USD/Soybeans Exporter FX Index:
The USD/Soybeans Exporter FX Index increased 7.9 points in Aug ’15 to a new record high value of 203.1. The USD/ Soybeans Exporter FX Index has increased 50.8 points since the beginning of 2014 and 21.5 points throughout the past six months. A strengthening USD/Soybeans Exporter FX Index reduces the competitiveness of U.S. soybeans relative to other exporting regions (represented in green in the Global Soybeans Net Trade chart), ultimately resulting in less foreign demand, all other factors being equal. USD appreciation against the Brazilian real has accounted for the majority of the gains since the beginning of 2014.

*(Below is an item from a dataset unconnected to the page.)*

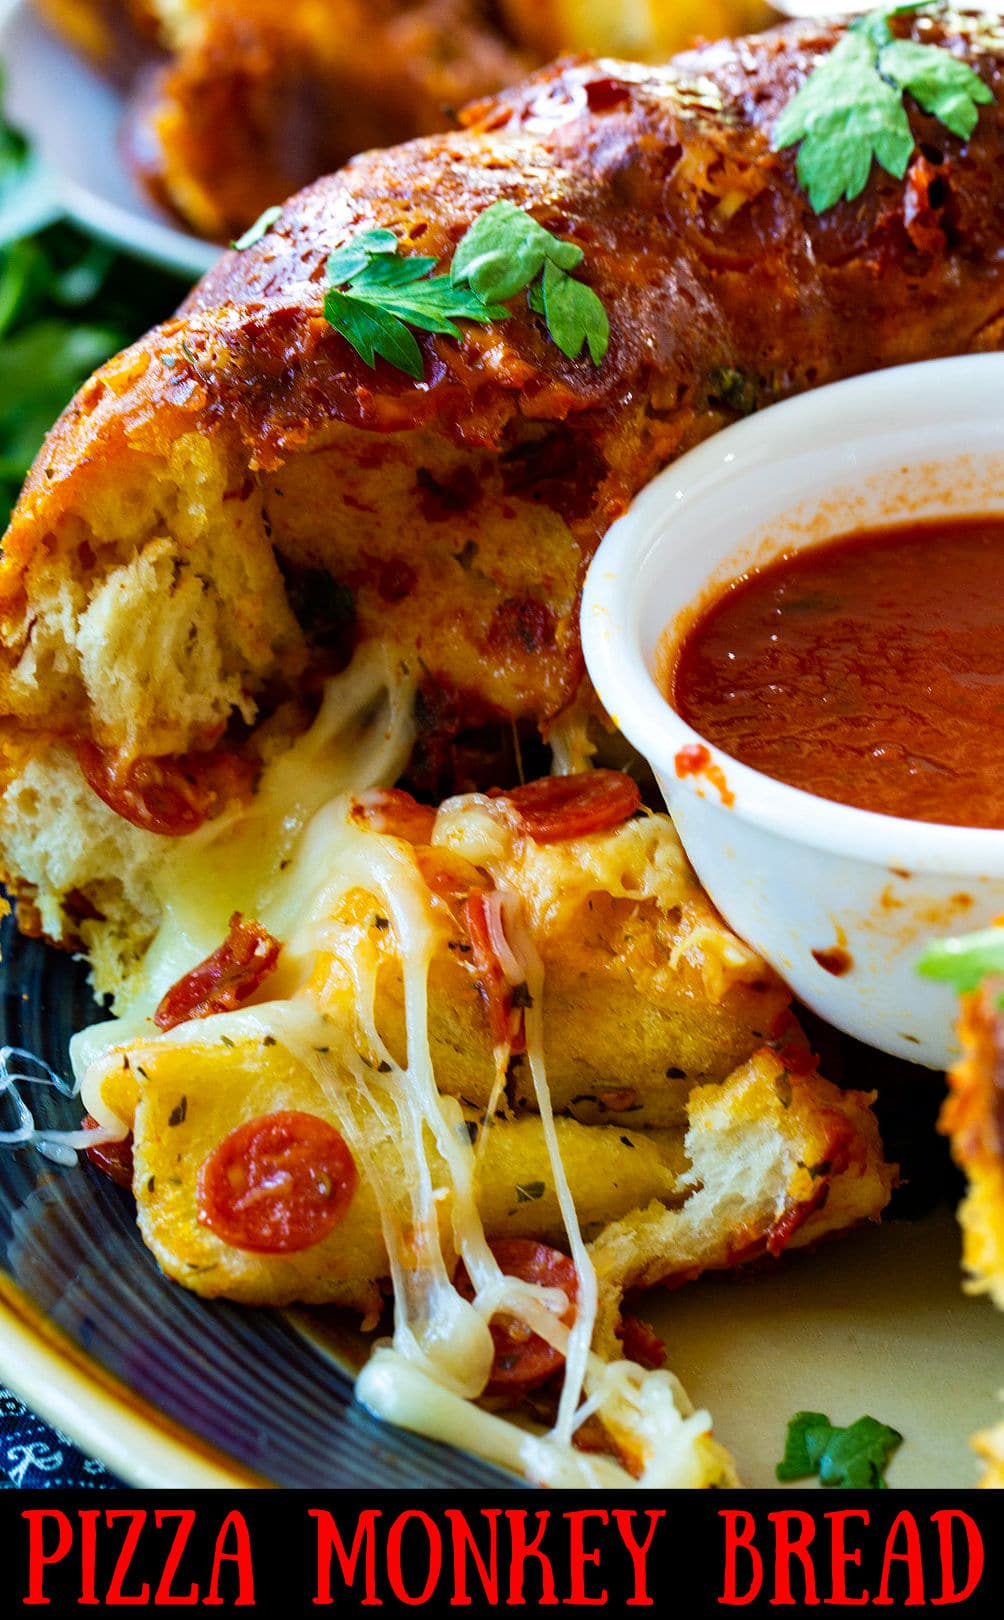 Pizza Monkey Bread on a plate with bowl of marinara sauce.
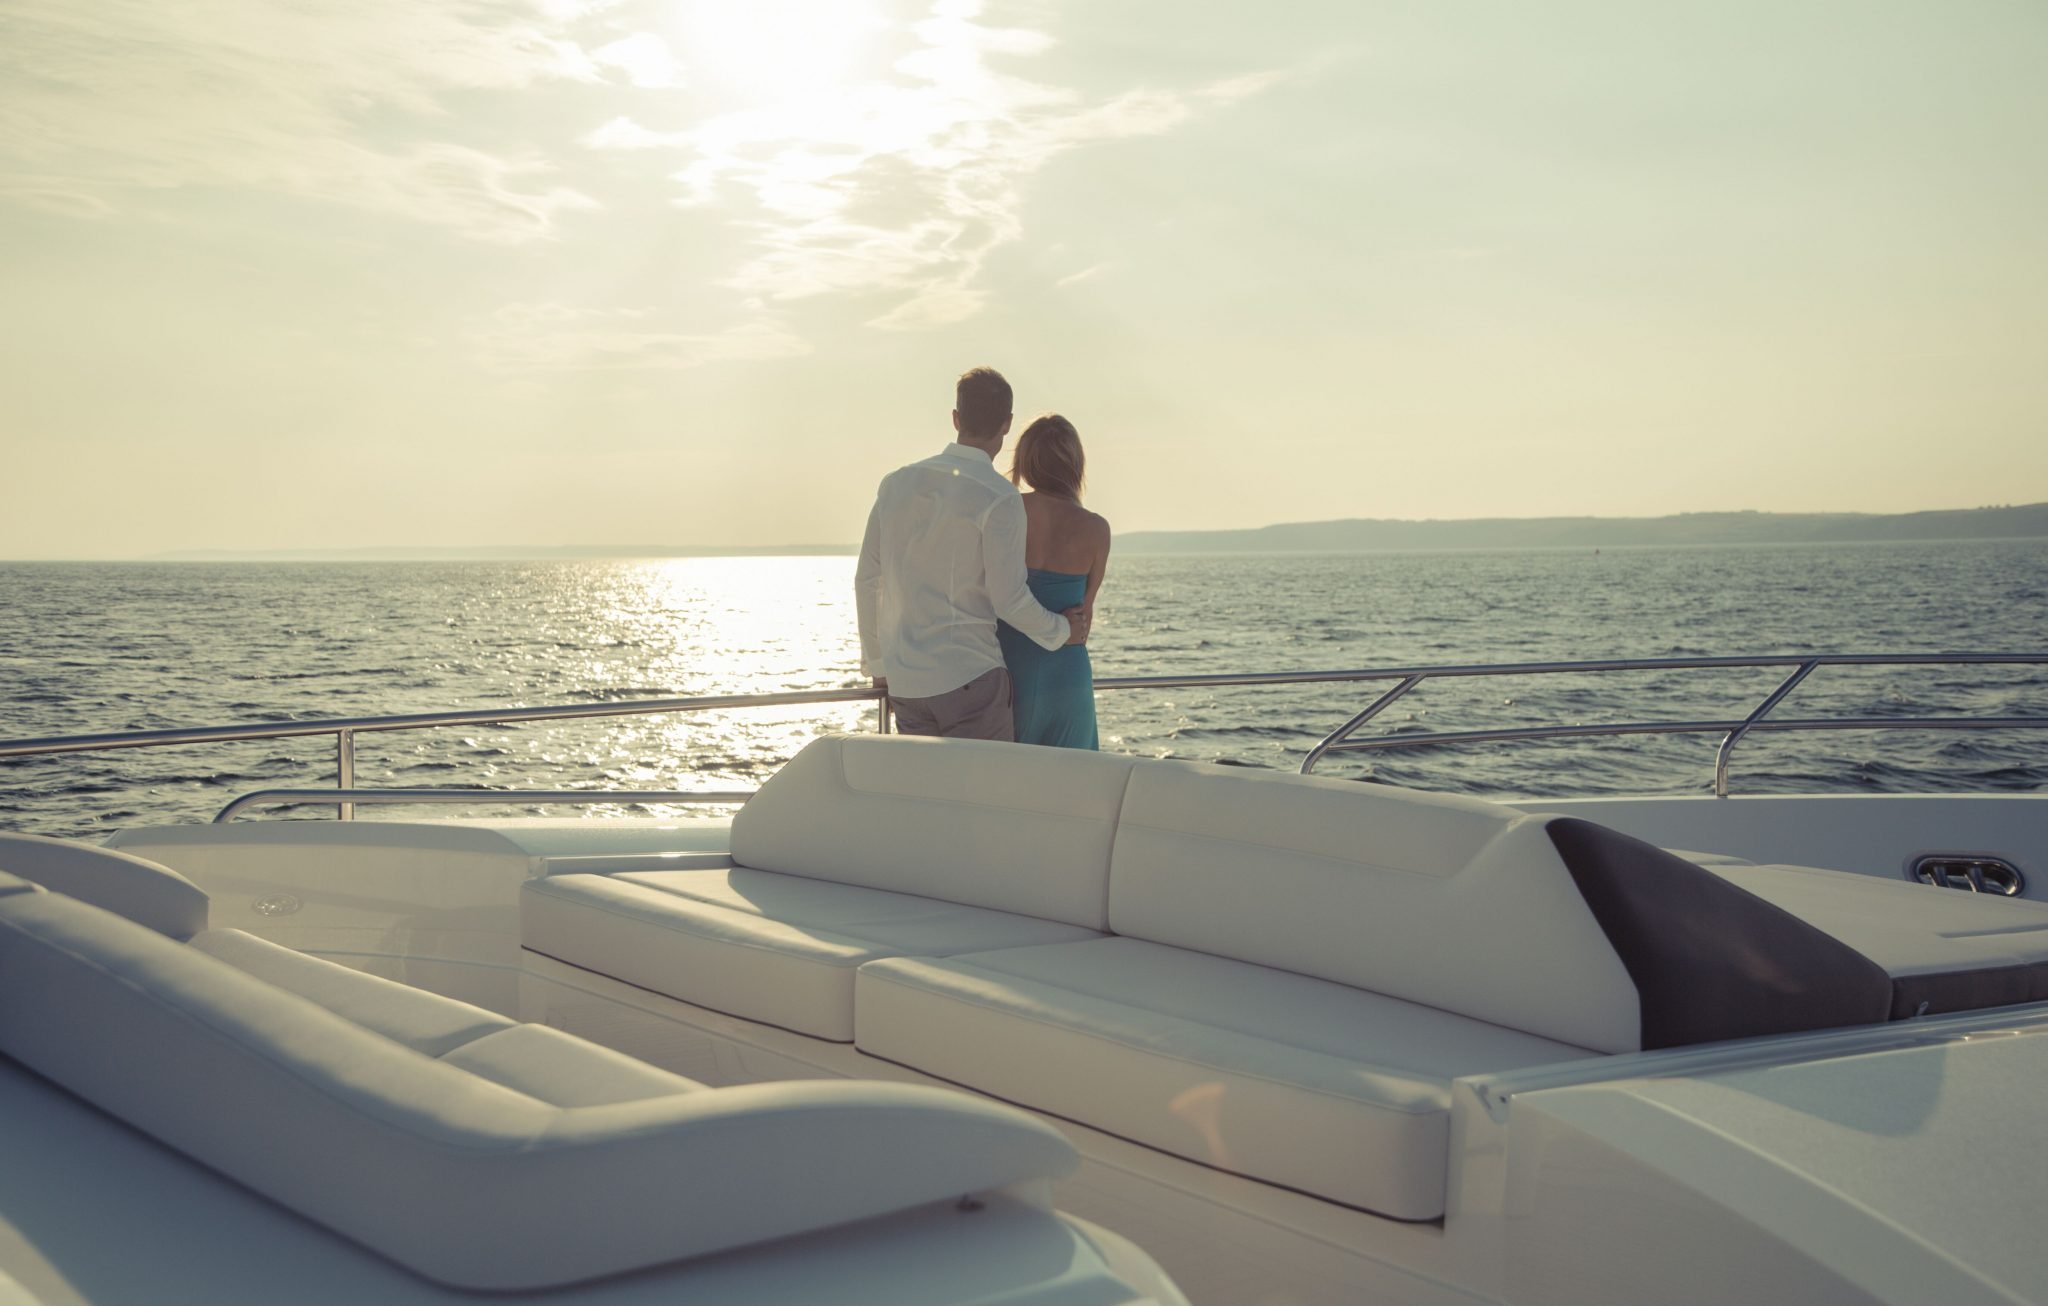 5 Reasons Why Yachting Will Thrive in the New COVID Economy

USD/Soybeans Importer FX Index:
The USD/Soybeans Importer FX Index increased 3.1 points in Aug ’15 to a value of 99.5. The USD/ Soybeans Importer FX Index finished at the highest figure experienced in the past eight years and has increased 11.1 points since the beginning of 2014 and 4.1 points throughout the past six months. A strengthening USD/Soybeans Importer FX Index results in less purchasing power for major soybeans importing countries (represented in red in the Global Soybeans Net Trade chart), making U.S. soybeans more expensive to import. USD appreciation against the Turkish lira, euro and Russian ruble has accounted for the majority of the gains since the beginning of 2014.
U.S. Soybeans Export Destinations:
Major destinations for U.S. soybeans are led by China, followed by Mexico, Indonesia, Japan, Germany and Taiwan.
USD/Domestic Soybeans Importer FX Index:
The USD/Domestic Soybeans Importer FX Index increased 3.1 points in Aug ’15 to a value of 102.5. The USD/ Domestic Soybeans Importer FX Index finished at the highest figure experienced in the past nine years and has increased 11.1 points since the beginning of 2014 and 4.6 points throughout the past six months. A strengthening USD/Domestic Soybeans Importer FX Index results in less purchasing power for the traditional buyers of U.S. soybeans (represented in red in the U.S. Soybeans Export Destinations chart), ultimately resulting in less foreign demand, all other factors being equal. USD appreciation against the Mexican peso, Chinese yuan renminbi and Turkish lira has accounted for the majority of the gains since the beginning of 2014.